▸ **WORK INSTRUCTION**
Could you print the stretch of lines below from the one with "Glockenturm der Menschwerdung" through the one with "Lot of VTG Mid", exactly as they stand and without any pictures?

▸ **DATA FOR ANALYSIS**
^^^^
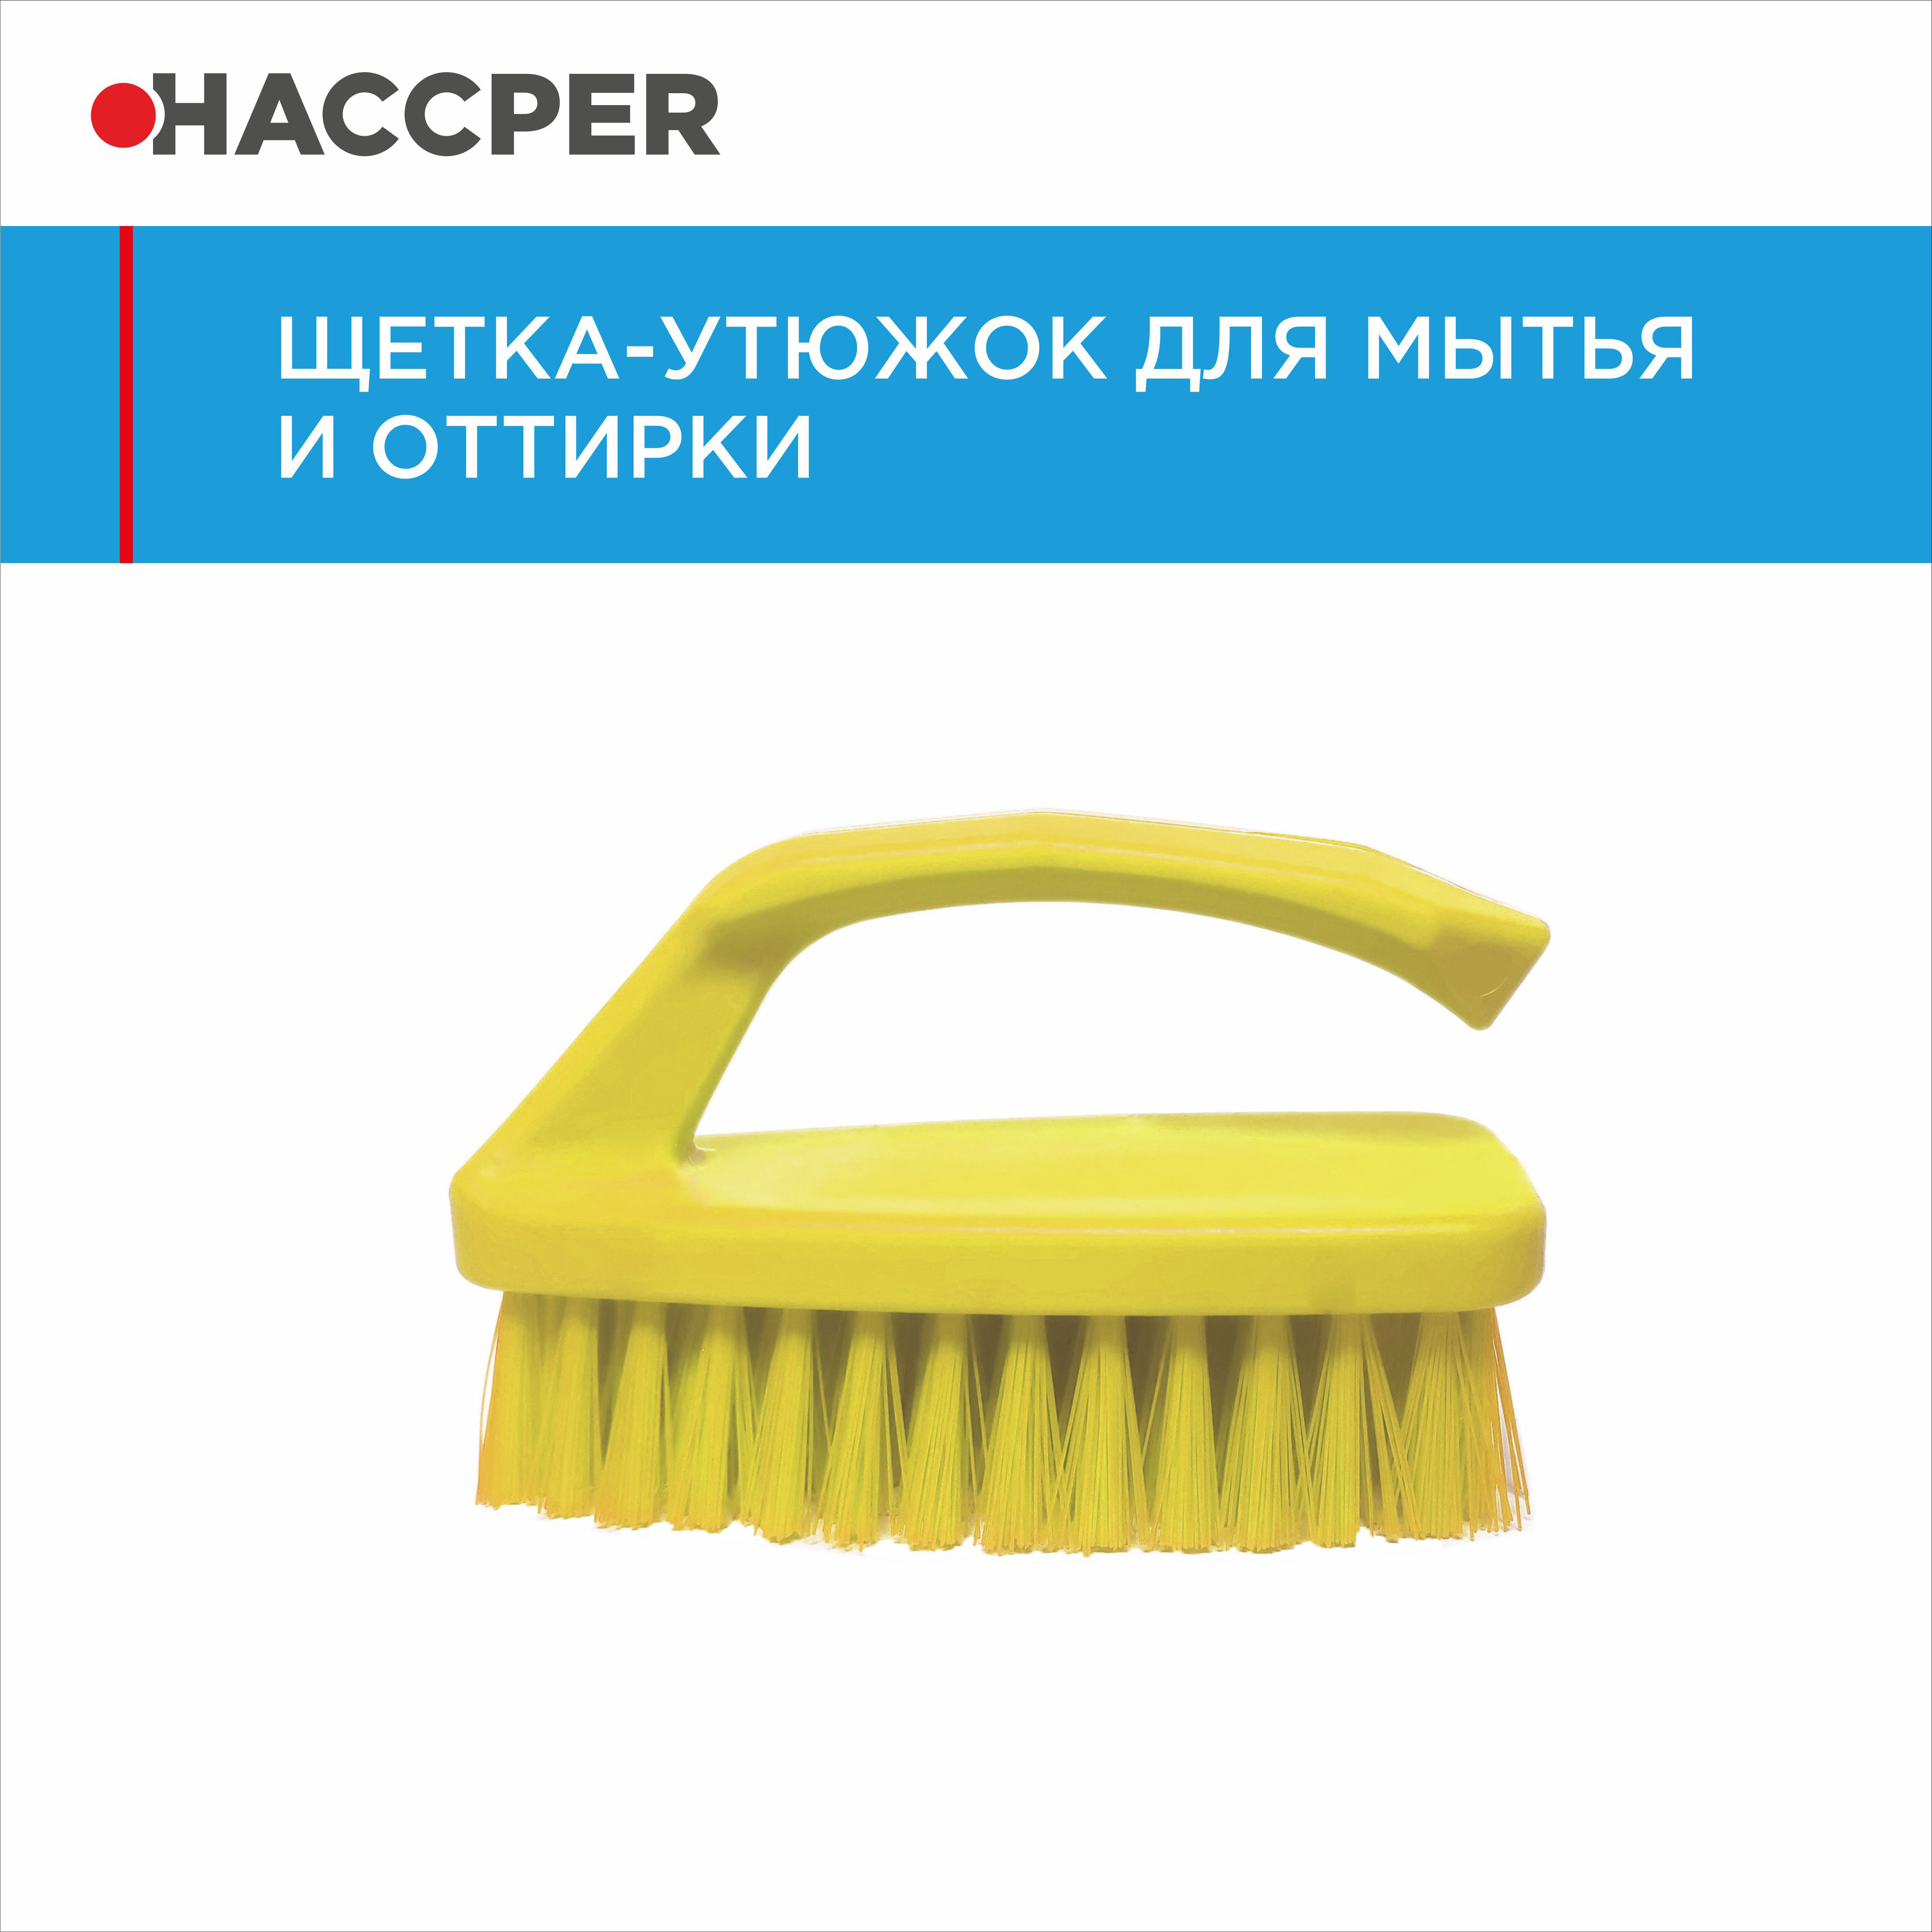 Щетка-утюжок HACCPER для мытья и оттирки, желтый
^^^^
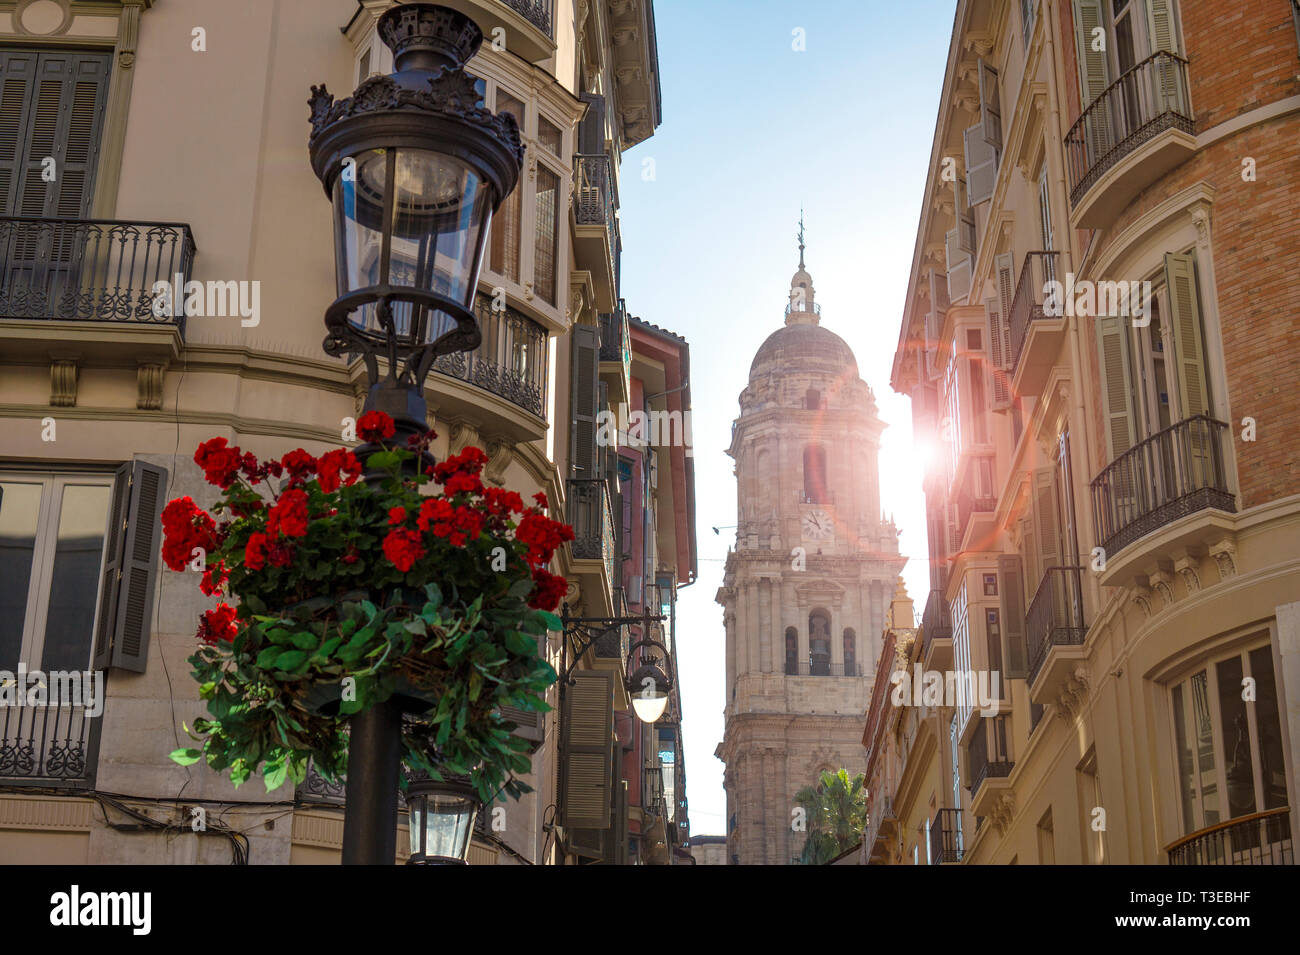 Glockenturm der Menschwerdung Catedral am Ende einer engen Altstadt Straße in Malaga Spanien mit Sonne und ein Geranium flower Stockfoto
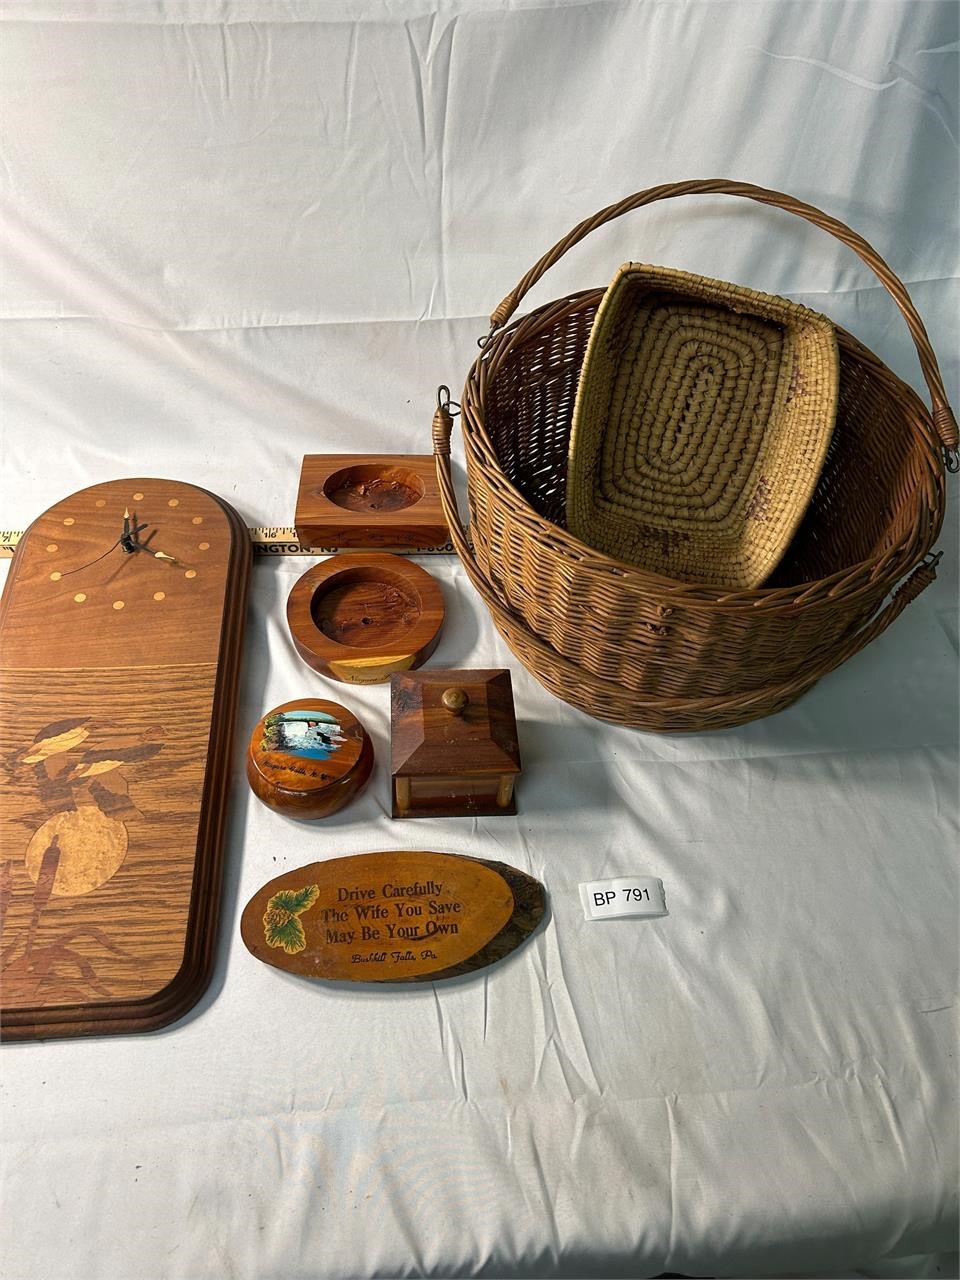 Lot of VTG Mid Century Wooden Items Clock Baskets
^^^^
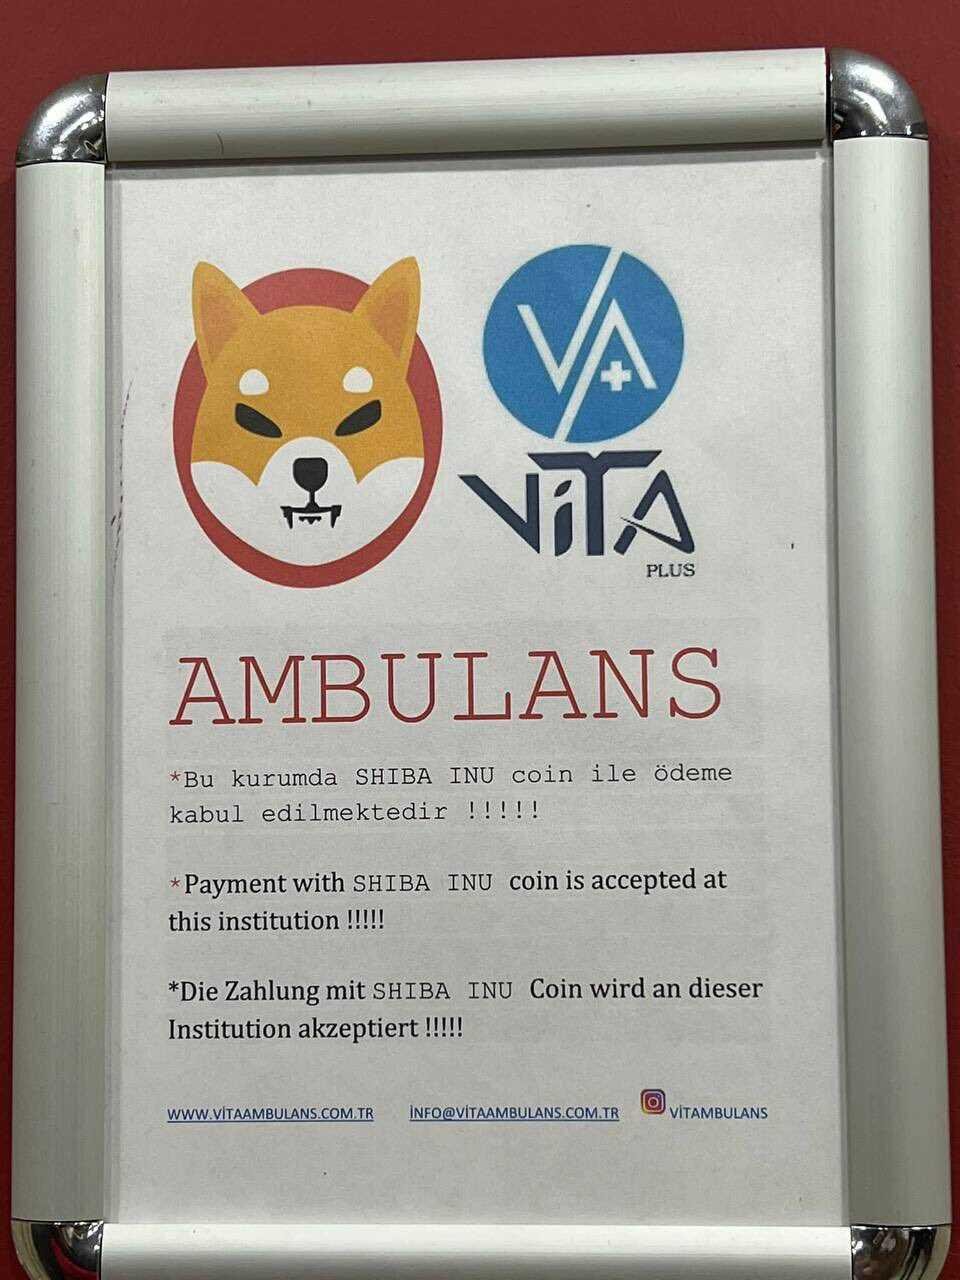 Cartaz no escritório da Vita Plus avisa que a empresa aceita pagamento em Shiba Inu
^^^^
▸ **FINISHED TASK**
 Glockenturm der Menschwerdung Catedral am Ende einer engen Altstadt Straße in Malaga Spanien mit Sonne und ein Geranium flower Stockfoto
 Lot of VTG Mid Century Wooden Items Clock Baskets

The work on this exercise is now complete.